André de Montalembert (1483–1553), Seigneur d'Essé, was a French nobleman and officer of the 16th century. As a young boy he fought in the Italian Wars. When King Francis I met with Henry VIII of England at the Field of the Cloth of Gold in 1520, he chose Montalembert as one of his three brothers-in-arms in the accompoanying tournaments.

==Constantinople==
France allied with the Ottoman Empire in 1536 against the Habsburgs. In 1542, André de Montalembert was sent to Constantinople to assess However, Sultan Suleiman, partly under the anti-alliance influence of Suleyman Pasha, was unwilling to send an army that year, and promised to send an army twice as strong the following year, in 1543.

==Scotland==
In 1548, he was sent at the head of 6,000 men to Scotland to support Regent Arran against England in the war known as the Rough Wooing. There he became well known, usually as d'Essé, Lieutenant-General of the Army and Navy. On 7 July 1548, D'Essé addressed Parliament at Haddington Abbey, proposing the marriage of Mary, Queen of Scots to the Dauphin. The Scots unanimously agreed to this in the Treaty of Haddington.

The nearby town of Haddington had been occupied and fortified by the English. D'Essé took charge of the on-going Siege of Haddington. In October 1548 he suffered a reverse with a failed night attack on the town. A notable success for d'Essé was his capture of Inchkeith on 20 June 1549.

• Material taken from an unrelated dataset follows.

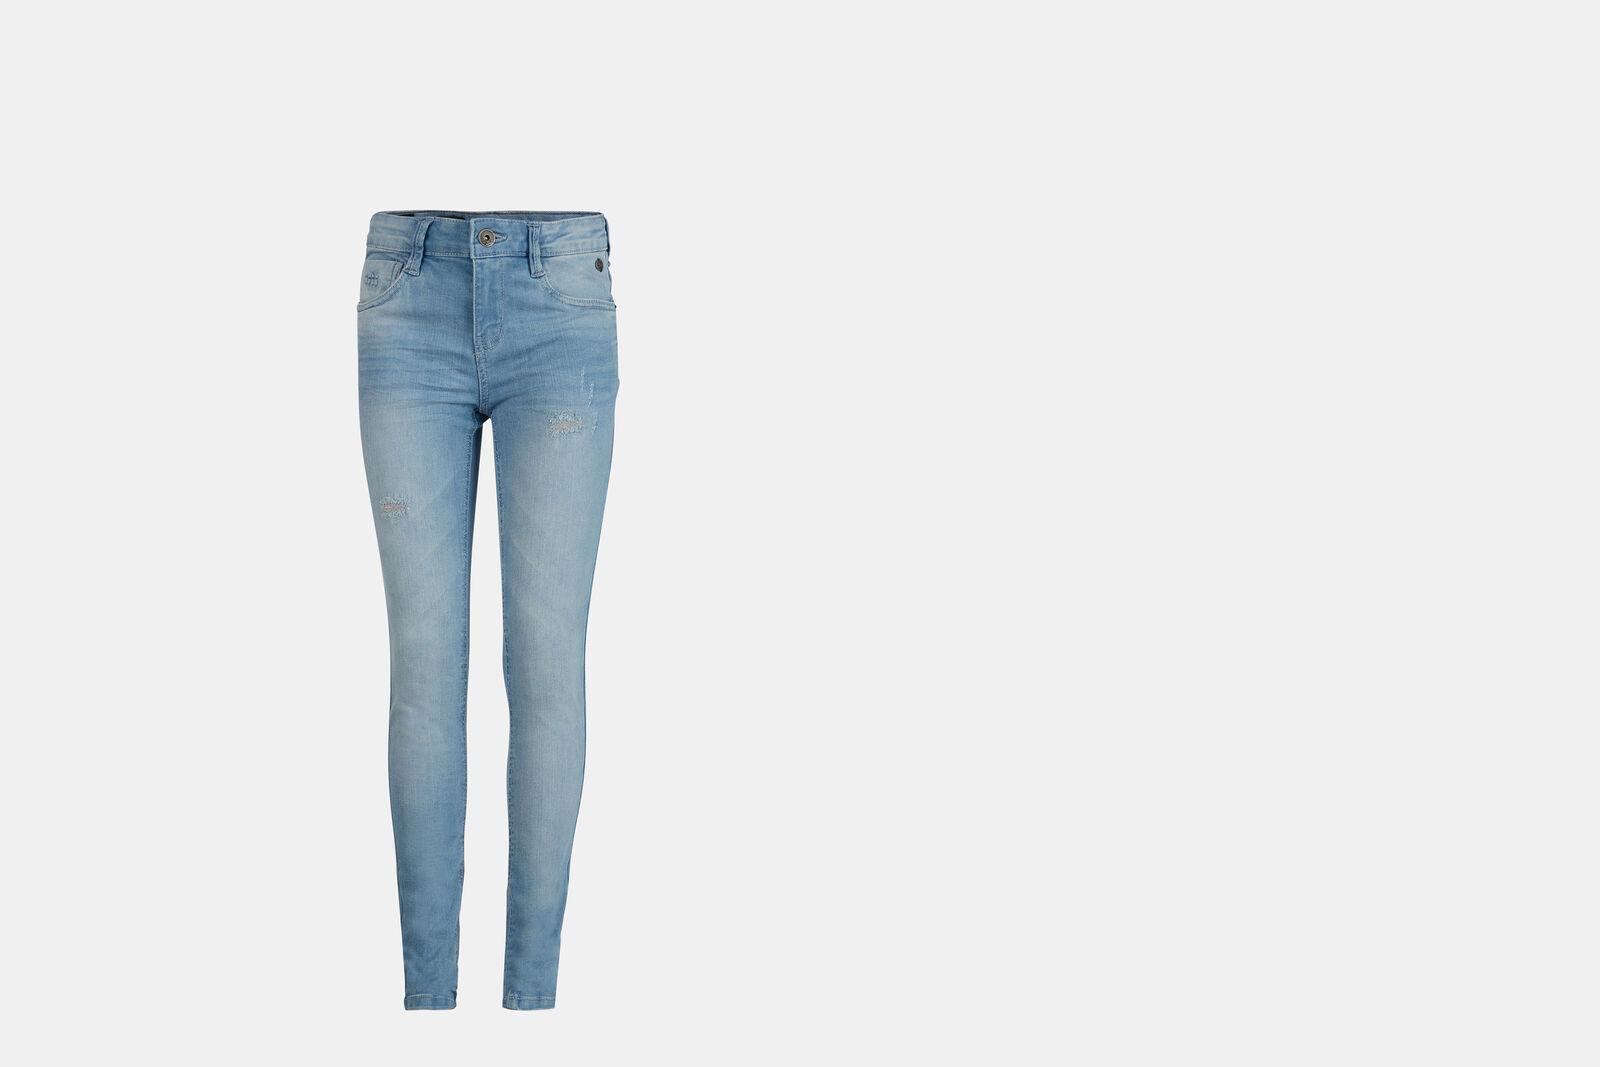 Baxel Skinny Jeans
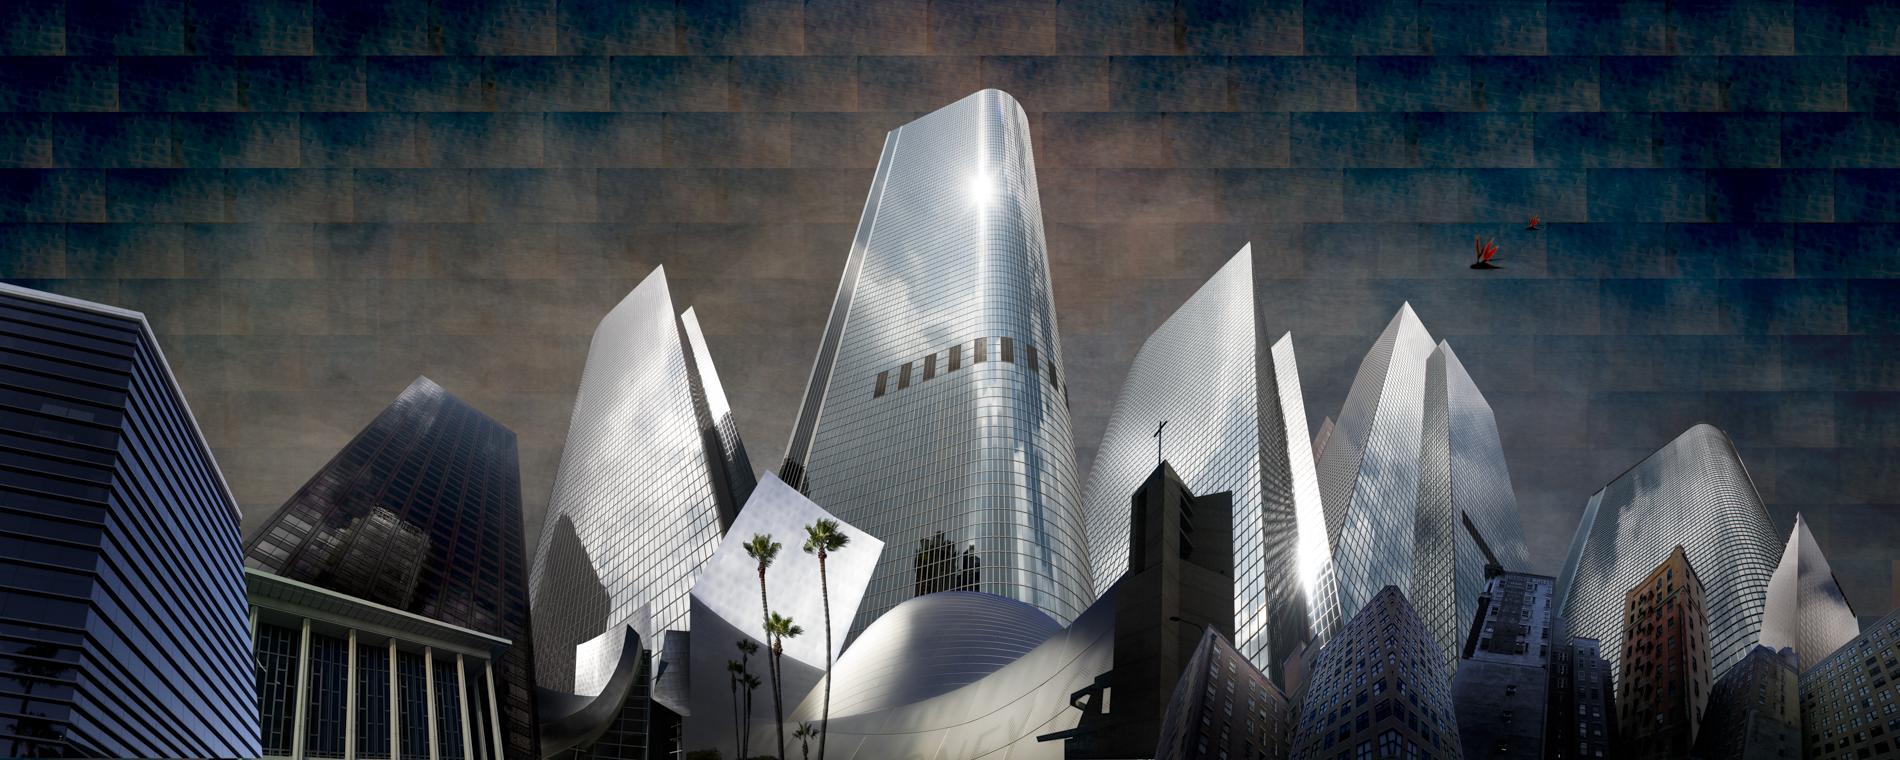 My LA City Skyline_Bruce Burr - 1900x72p

In July 1549, he was relieved by Paul de la Barthe, sieur de Termes. He returned to France in triumph and presented seven captured English banners to King Henry II of France. A diplomat reported, "Yesterday five banners taken by the French and Scots from the English were presented to the King. They were surprised and defeated in an ambush on the island they call Horse Island (Inchkeith) towards Scotland. The King has made a great fuss and rejoicing over it, and given 100 crowns each to the soldiers who brought him the banners, and three payments of 12 crowns each a year for the rest of their lives. The captain received 100 crowns." For his service in Scotland, d'Essé was made a knight of the Order of Saint Michael.

==Death==
He died at the siege of Therouanne in 1553.